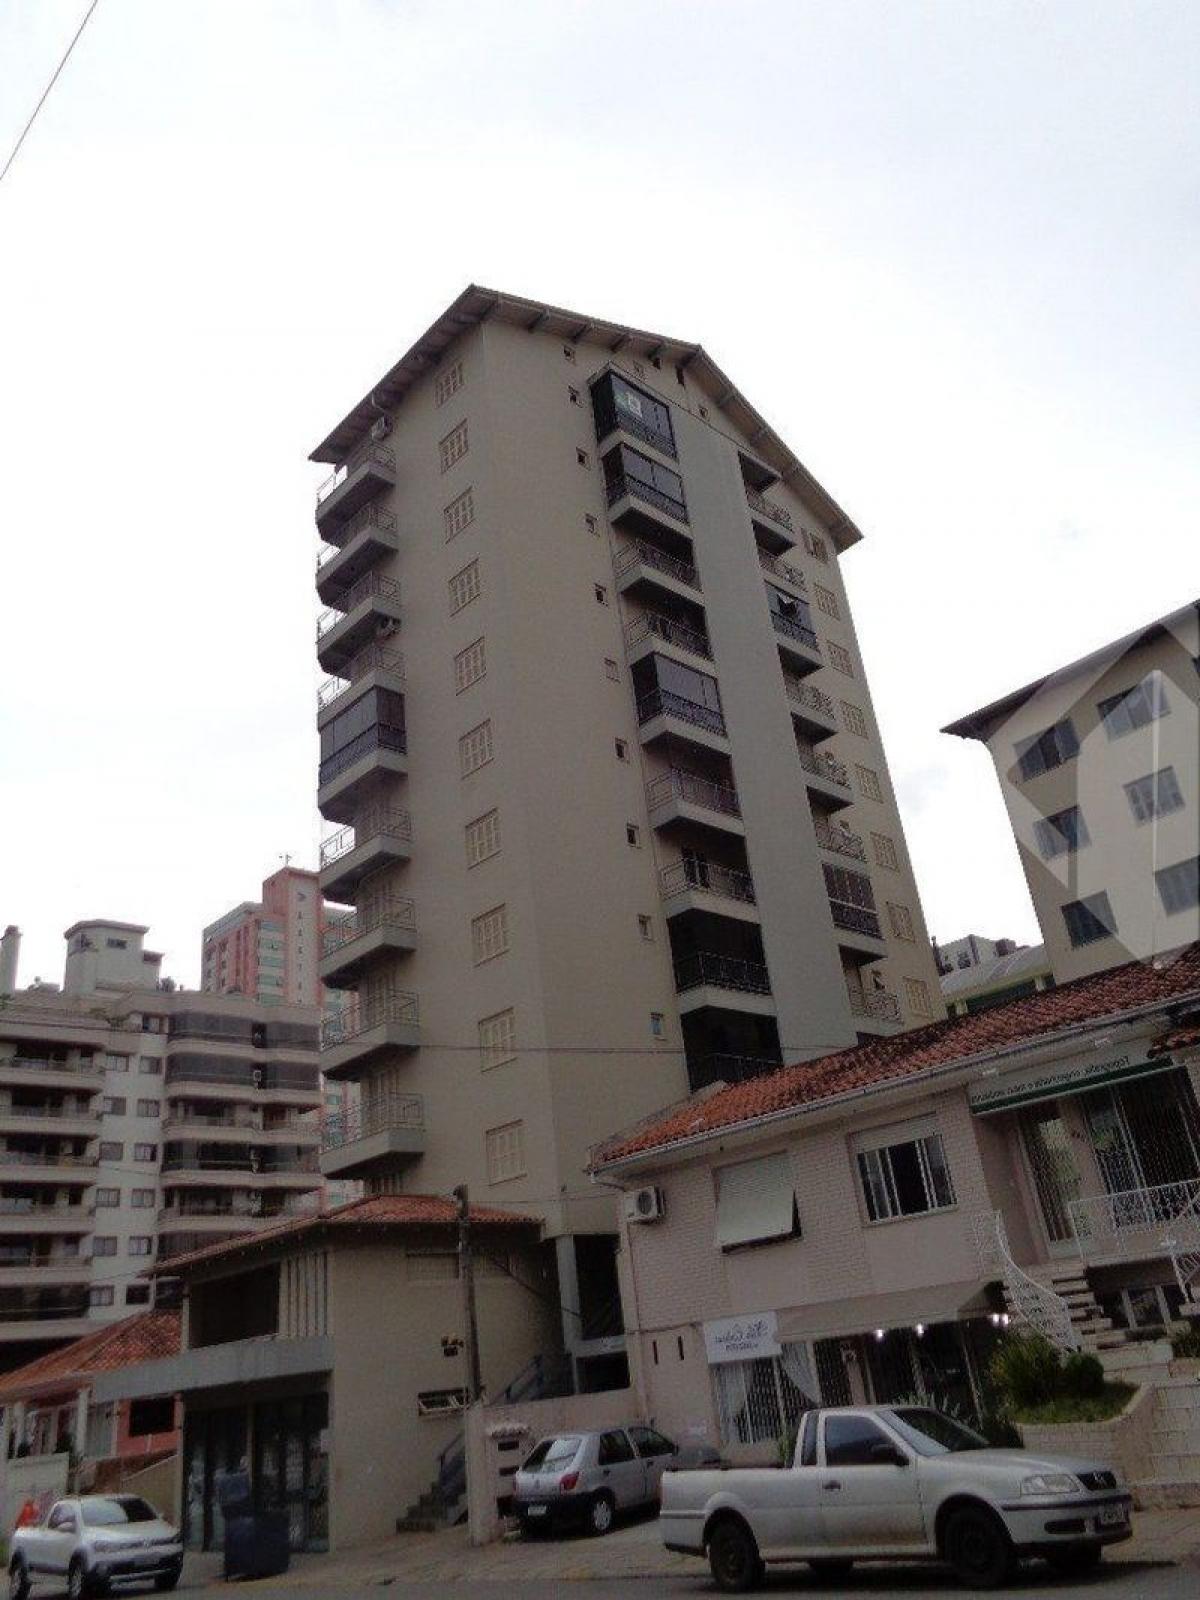 Picture of Apartment For Sale in Bento Gonçalves, Rio Grande do Sul, Brazil
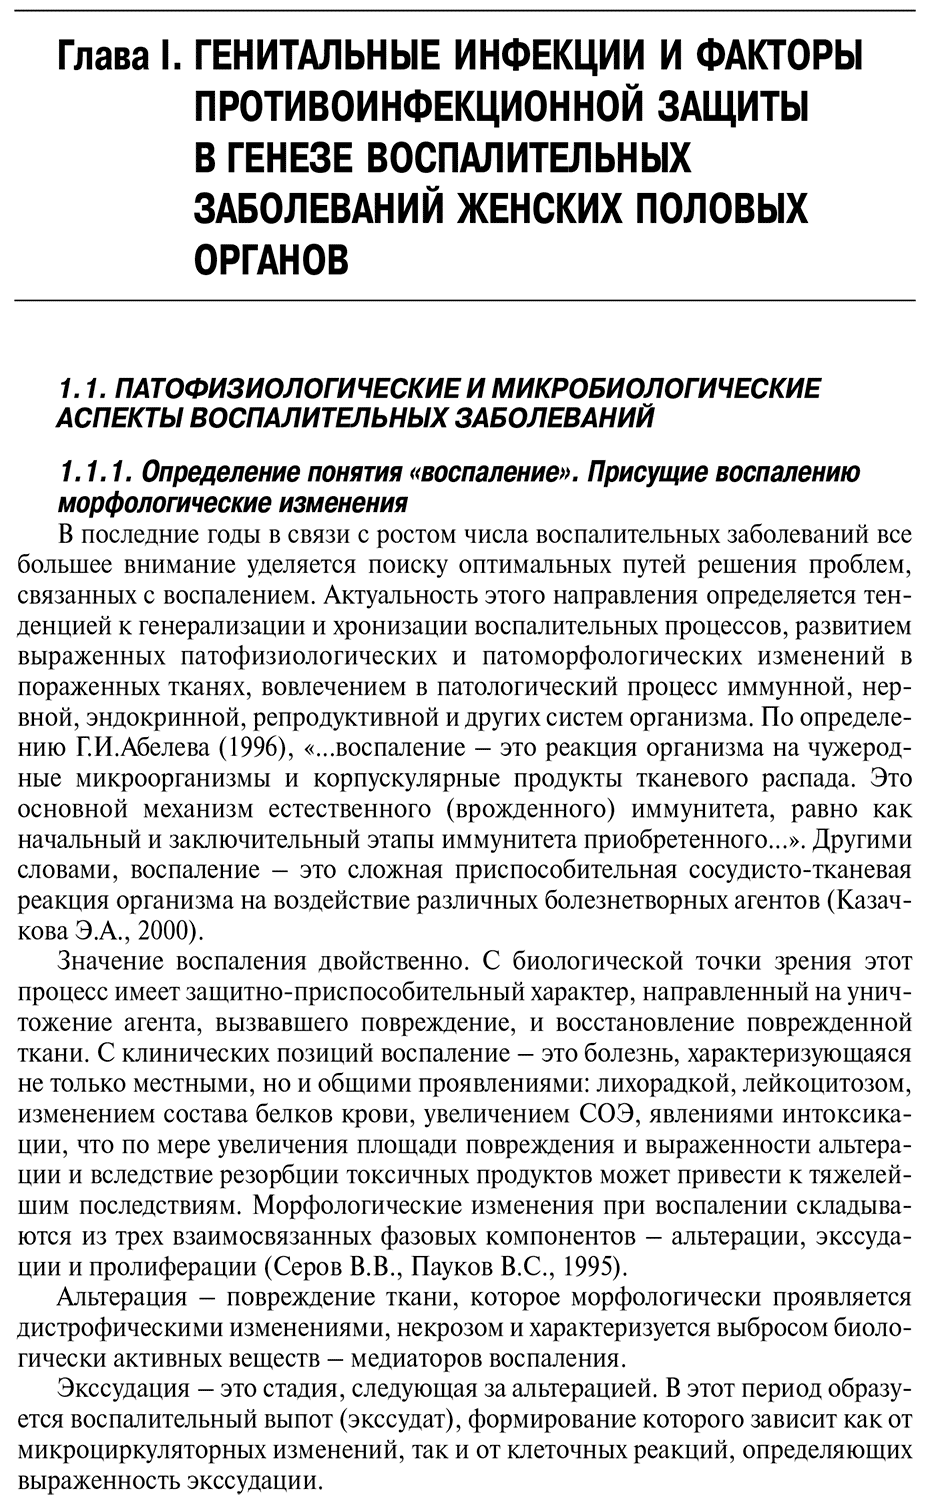 Пример страницы из книги "Инфекции в акушерстве и гинекологии" - Макаров О. В.
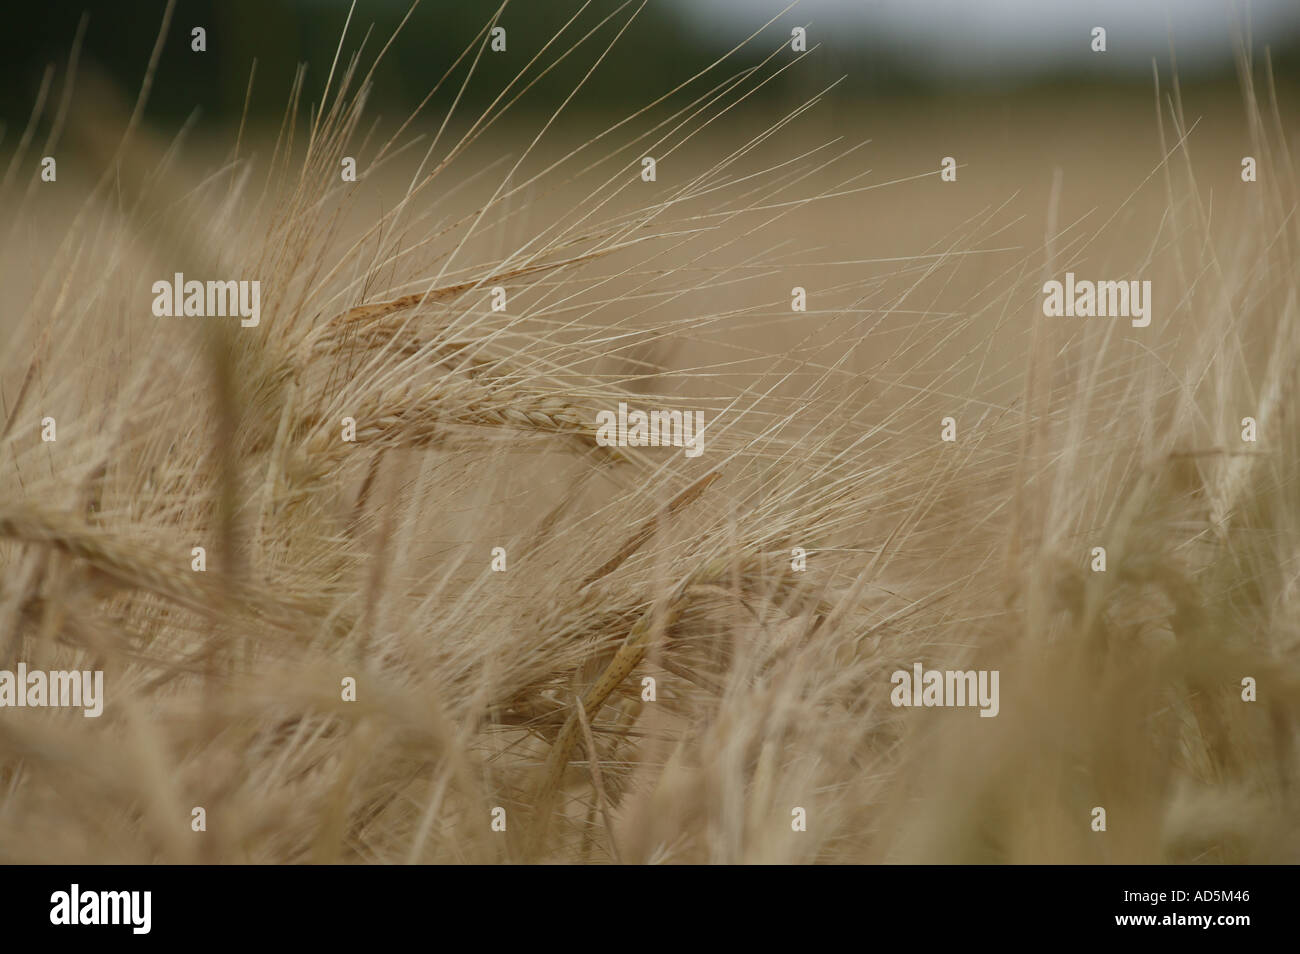 horizontale Details der kommerziellen europäischen Gerste Nutzpflanze im heißen Sommer mit Hedge-Strich in der weit Landschaft Stockfoto

__________________________________________________

▸ **PROBLEM REQUIREMENTS**
Omit the pictures and reproduce the remaining material above exactly.

▸ **TASK ANSWER**
 Picture of Apartment For Sale in Bento Gonçalves, Rio Grande do Sul, Brazil
 Пример страницы из книги "Инфекции в акушерстве и гинекологии" - Макаров О. В.
 horizontale Details der kommerziellen europäischen Gerste Nutzpflanze im heißen Sommer mit Hedge-Strich in der weit Landschaft Stockfoto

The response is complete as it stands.